Data block
--- START ---

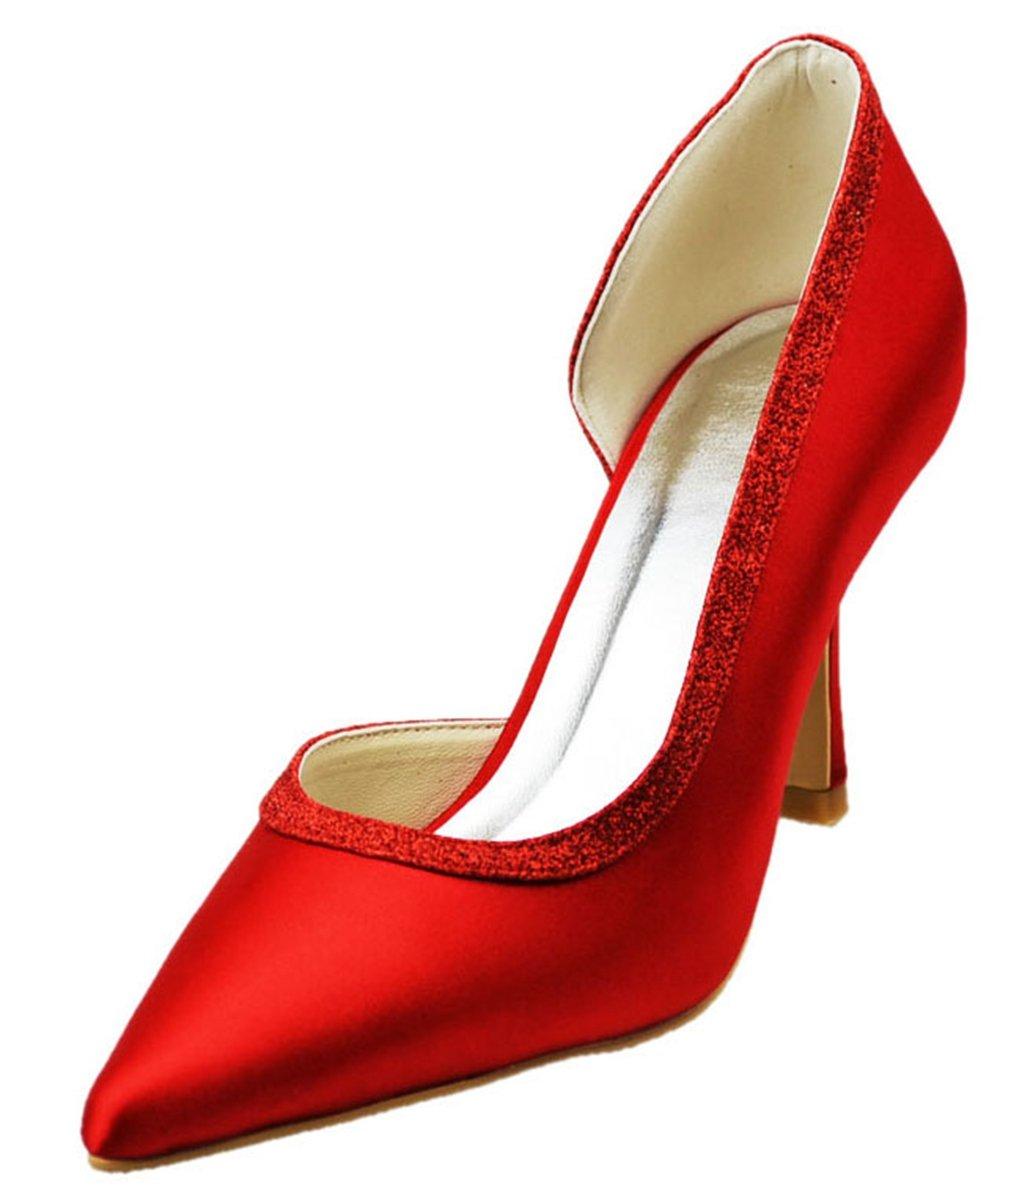 Minitoo , , Semelle Rouge compensée femme 19911 Rouge - rouge f269935 - piero.space
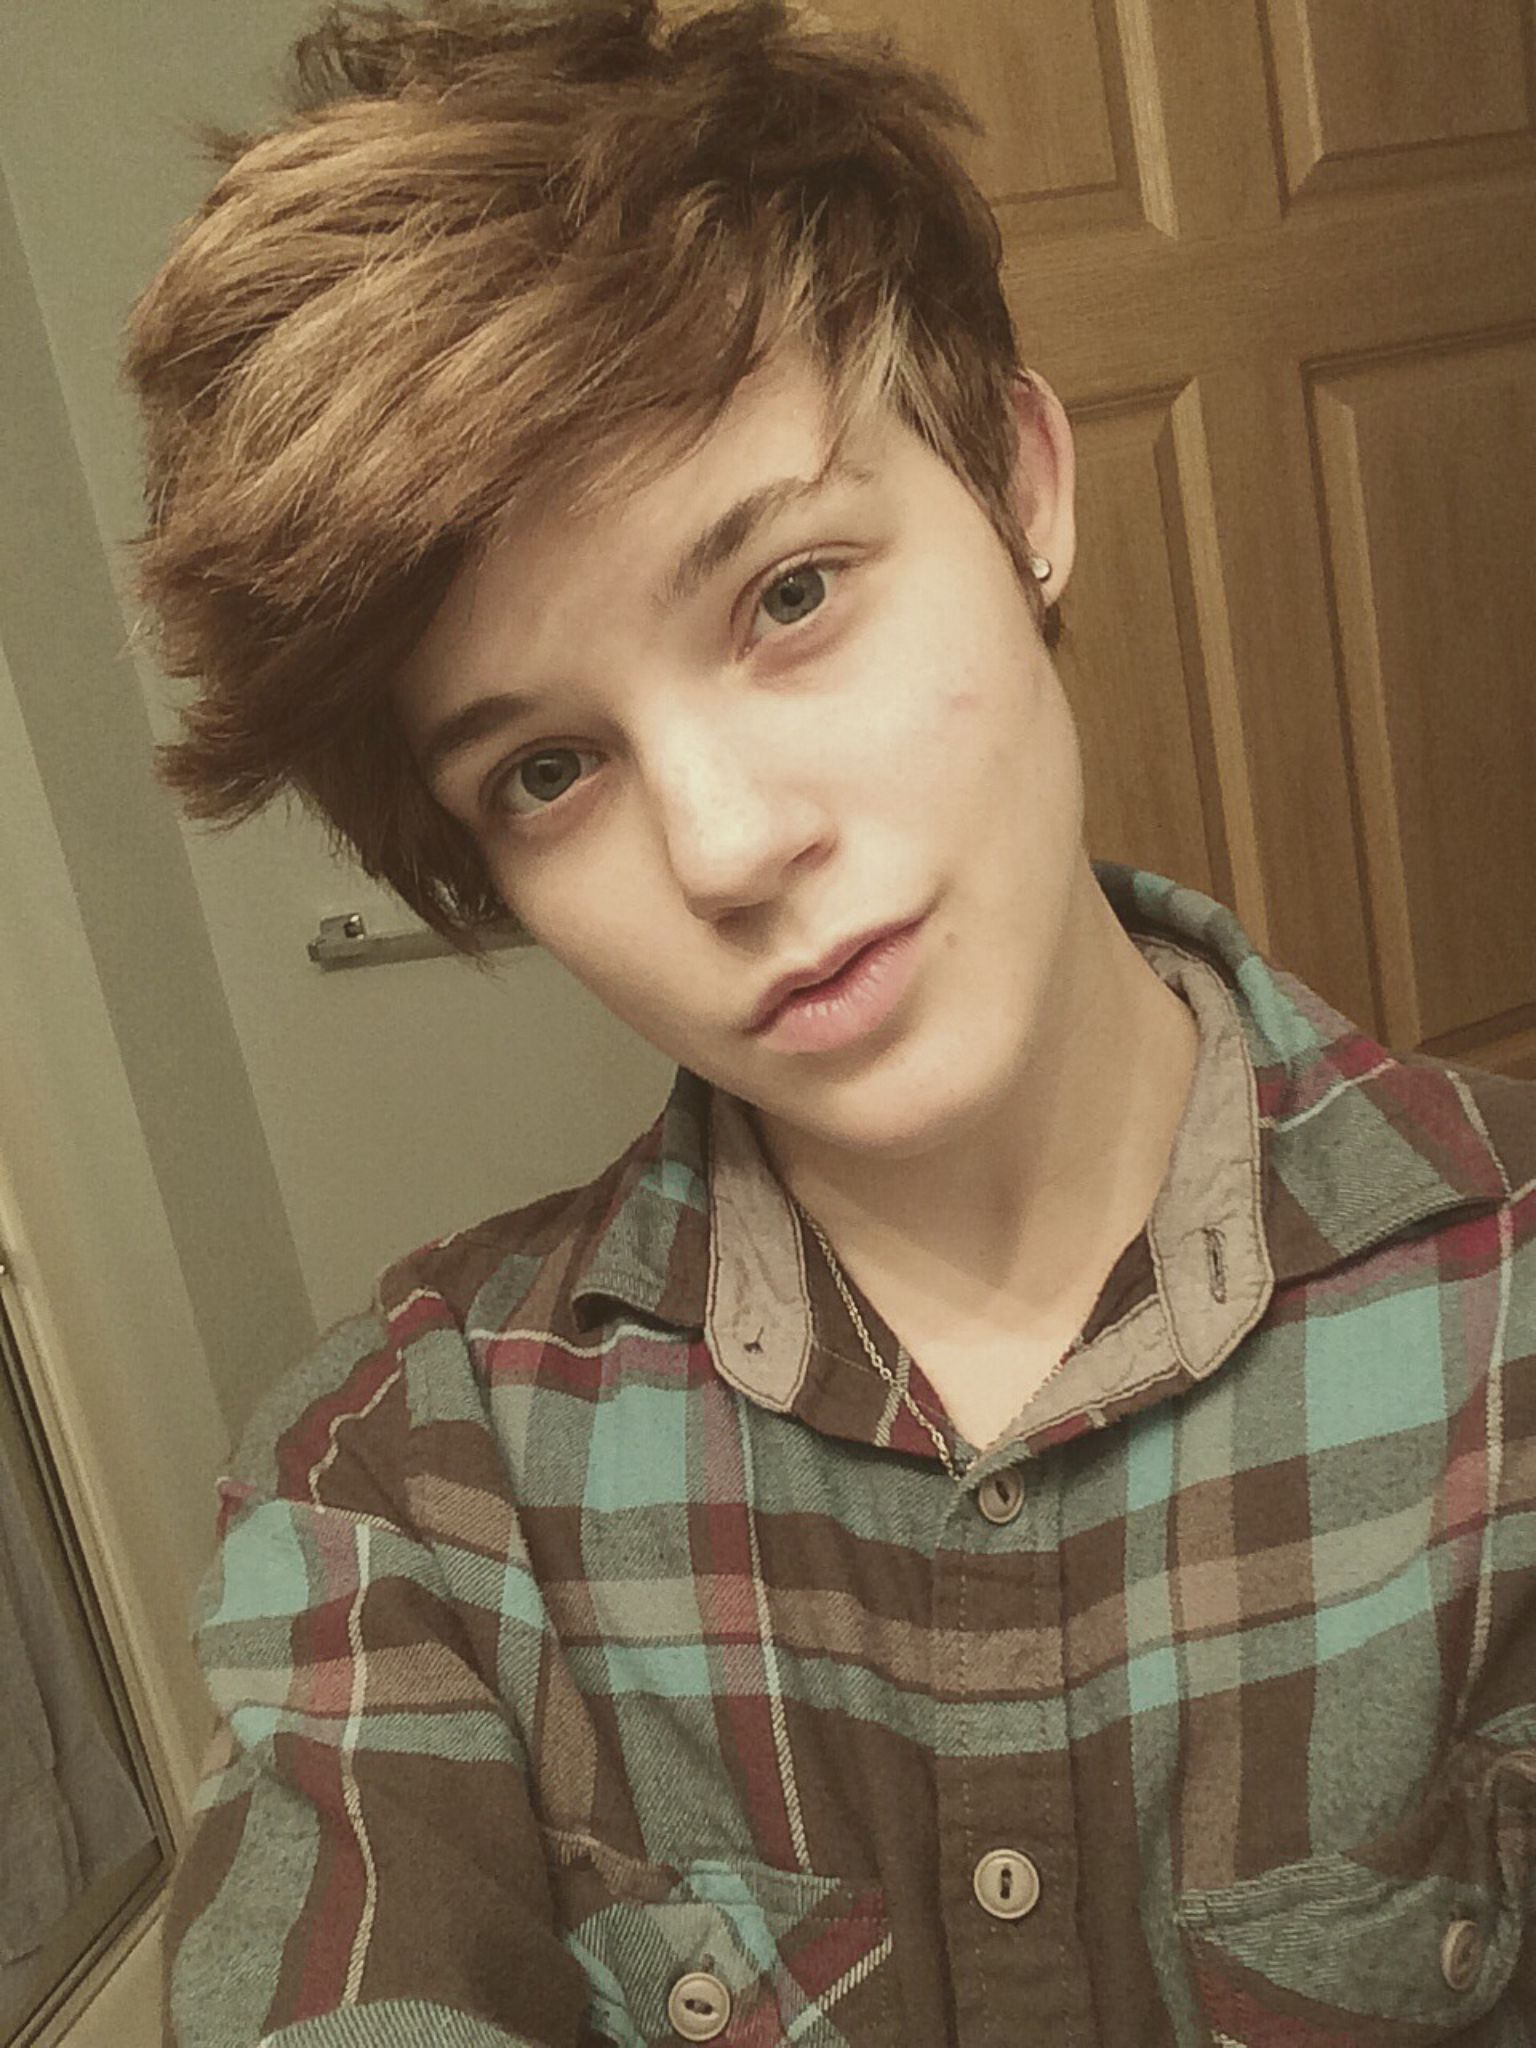 Cute And Boyish Hairstyles Pinterest Haircuts And Tomboy
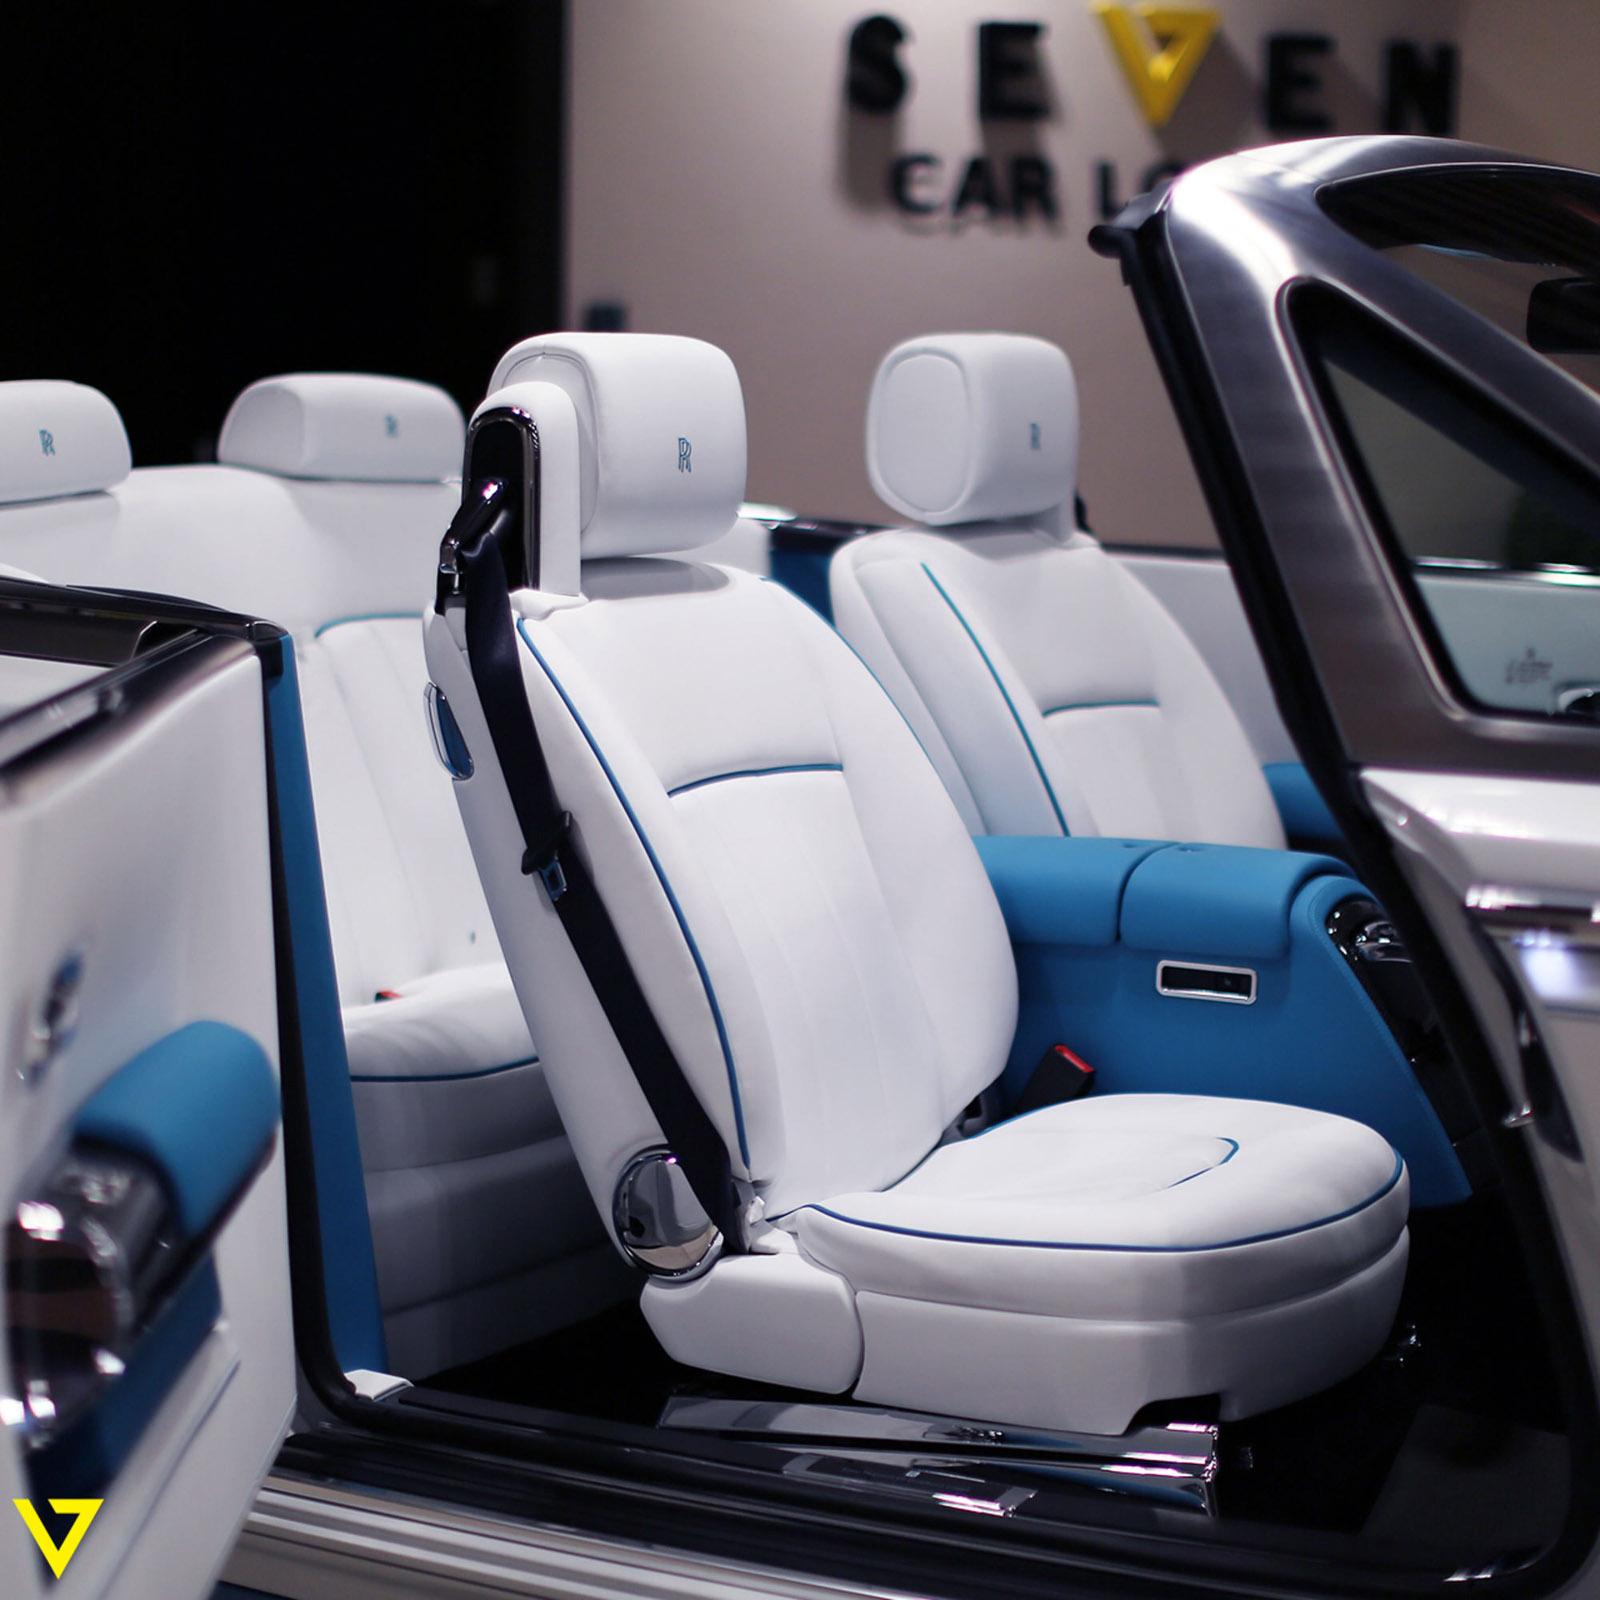 Rolls-Royce_Phantom_Drophead_Coupe_Last-of-Last_edition_13

--- END ---

What you should do
Beginning with the line where "Cute And Boyish" appears, reproduce every remaining line of the listing above, the last one included, but none of the pictures.

Solved exercise
 Cute And Boyish Hairstyles Pinterest Haircuts And Tomboy
 Rolls-Royce_Phantom_Drophead_Coupe_Last-of-Last_edition_13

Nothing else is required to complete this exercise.